"Saya yakinkan dan jamin tidak ada pungutan liar di daerah saya," tegas seorang camat --itu dulu-- ASEM.
Lembaran putih di dalam map biru itu sudah selesai diurus di tingkat kelurahan, goresan pulpen seharga Rp 500 ribu itu harga damai saya dengan oknum lurah (baca tulisan saya sebelumnya), permintaan awal Rp 2 juta langsung turun setelah tahu profesi saya sebagai "tukang" cari berita di sebuah media lokal, kesal?
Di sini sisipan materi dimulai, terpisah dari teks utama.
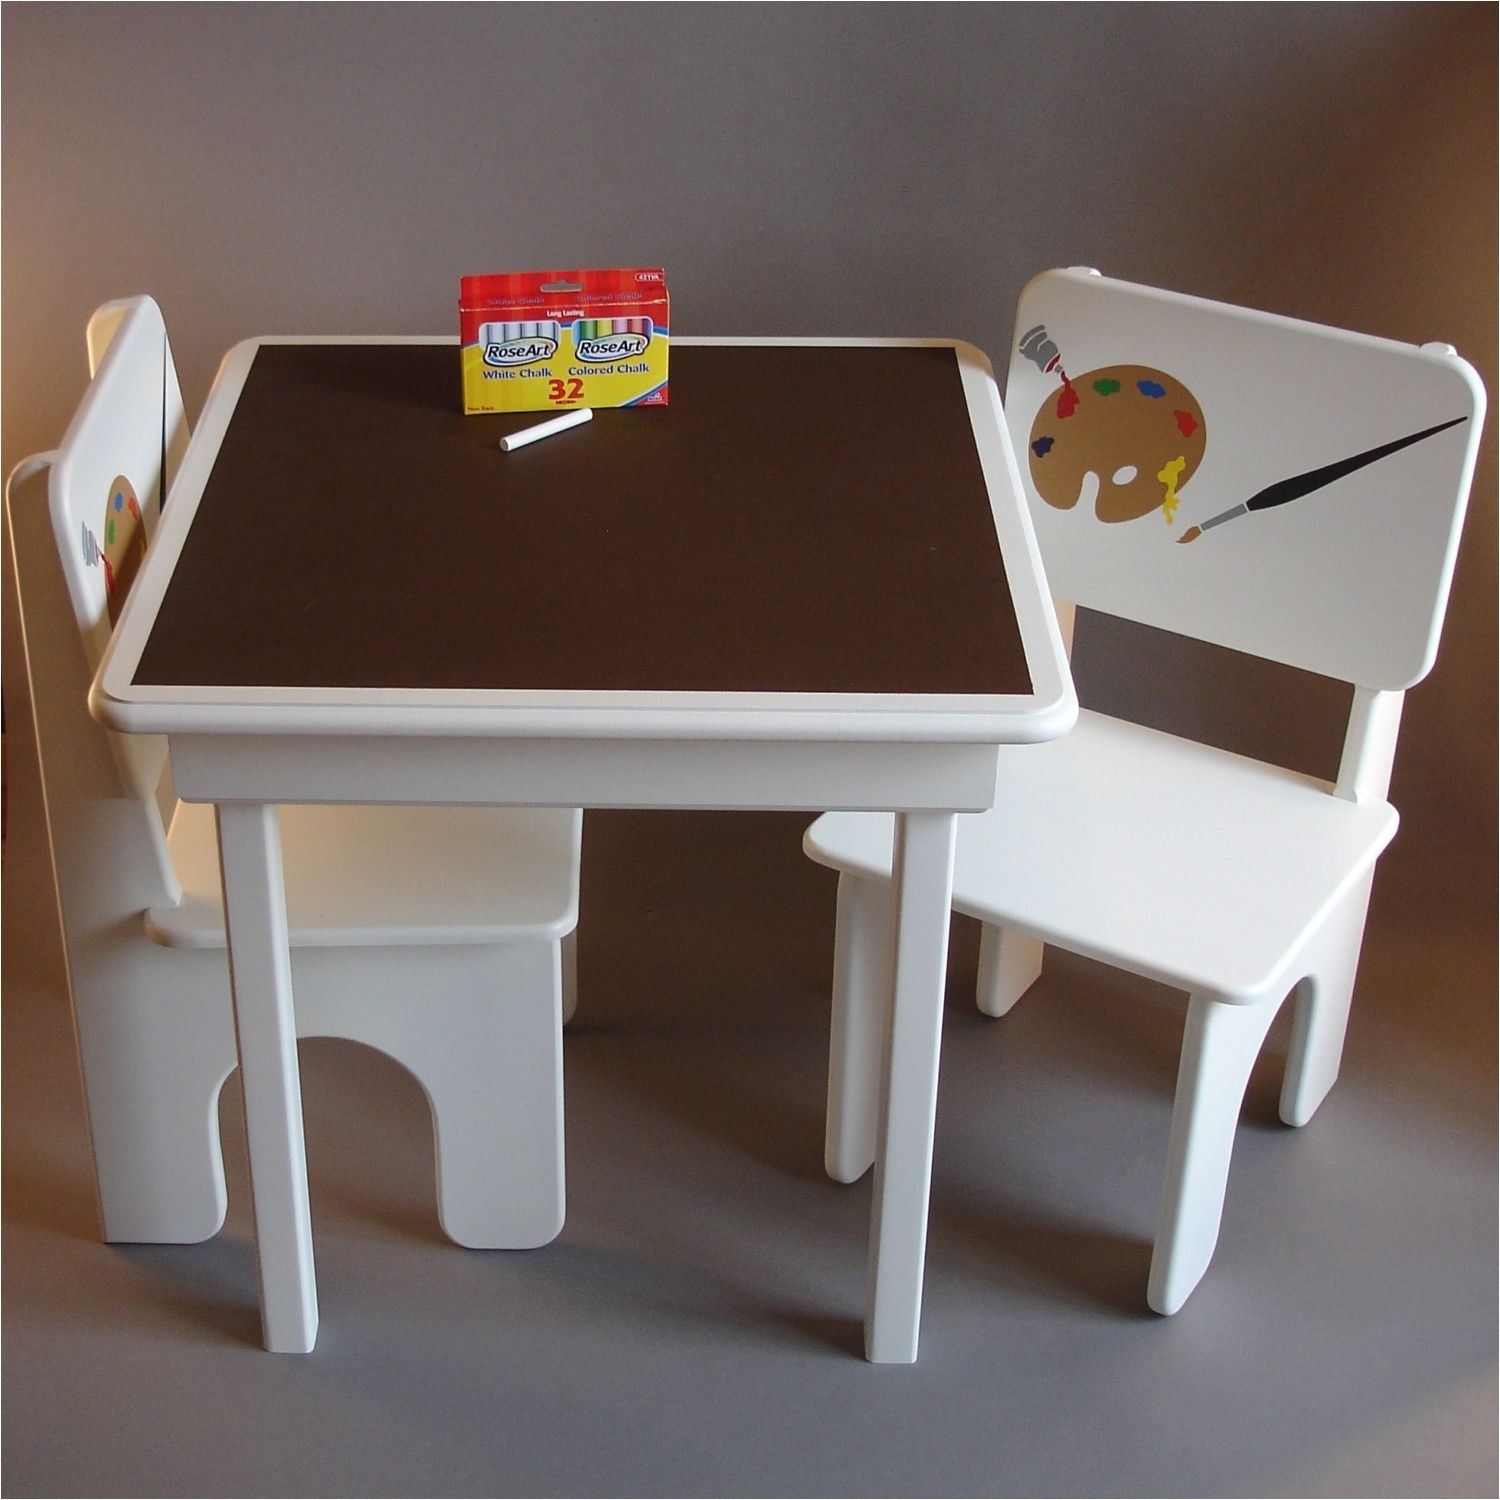 Small Table and Chairs for toddlers Chalkboard Table and Chair Set for Kids Painted Furniture
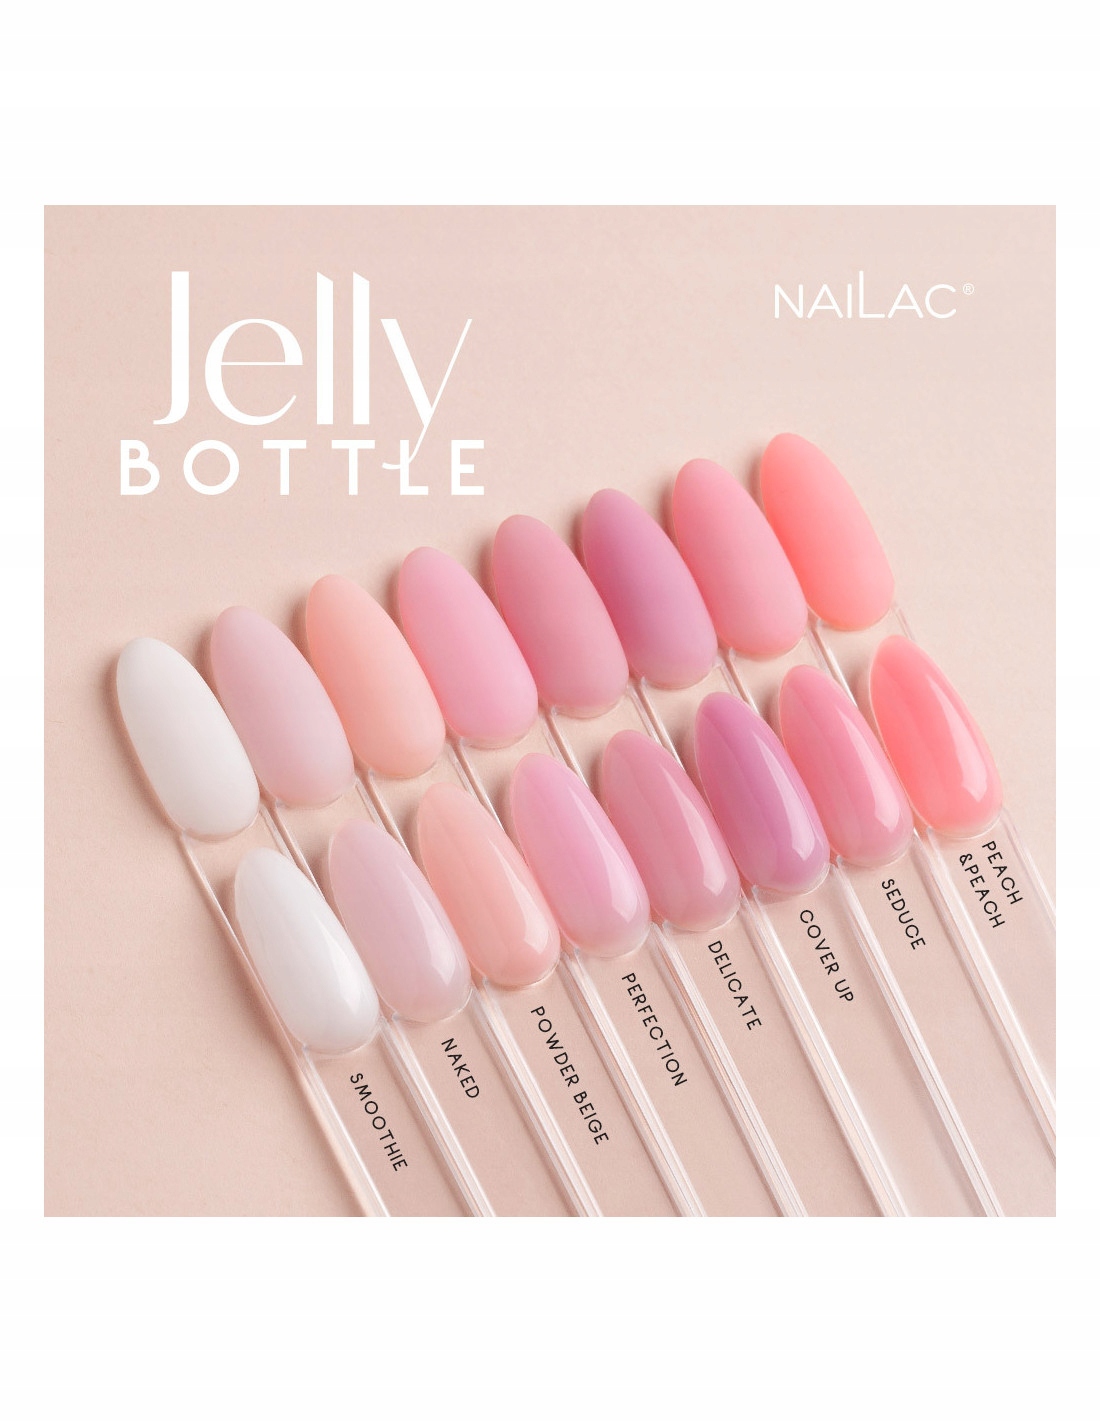 NAILAC Jelly Bottle Delicate 7ml

Tentu! Tapi mau diapakan daripada urusan tak kelar-kelar.
SMS12 Agustus 2016 itu membuat nampak garis di dahi, ekspektasi camat "garis lurus" ternyata titleoknum juga tersemat kepadanya. Oknum camat ini ternyata bermuka dua, dulu berkata tegas, ujung-ujungnya belangnya sama, minta pulus.
Perawakannya tidak tinggi, logat Banjarmasin begitu kental, di ruangan lantai dua kantor itu saya bertemu camat, yang dahulu sempat saya minta konfirmasi kalau urusan pembuatan Surat Pernyataan Penguasaan Tanah (SPPT) adalah gratis, "Kalau ada oknum yang "main" kita akan beri sanksi," ucapnya dulu.
"Samakan aja dengan BIAYA di kelurahan," Byaarrrrr! kilat gledek lewat!!!!!
Darah merambat naik ke kepala saya, "Rp 500 ribu" jawaban ketus terlontar.
"Katanya Rp 2 juta, kok cuma Rp 500," ucap oknum camat cekatan.
"Iya pak, awal dua juta, tapi saya kemaren ngobrol sama kepala inspektorat daerah, itu pungli pak, jadi lurahnya lembek, tapi tetap minta, jadi saya kasih uang semua yang ada di dompet," emosi tingkat kecamatan.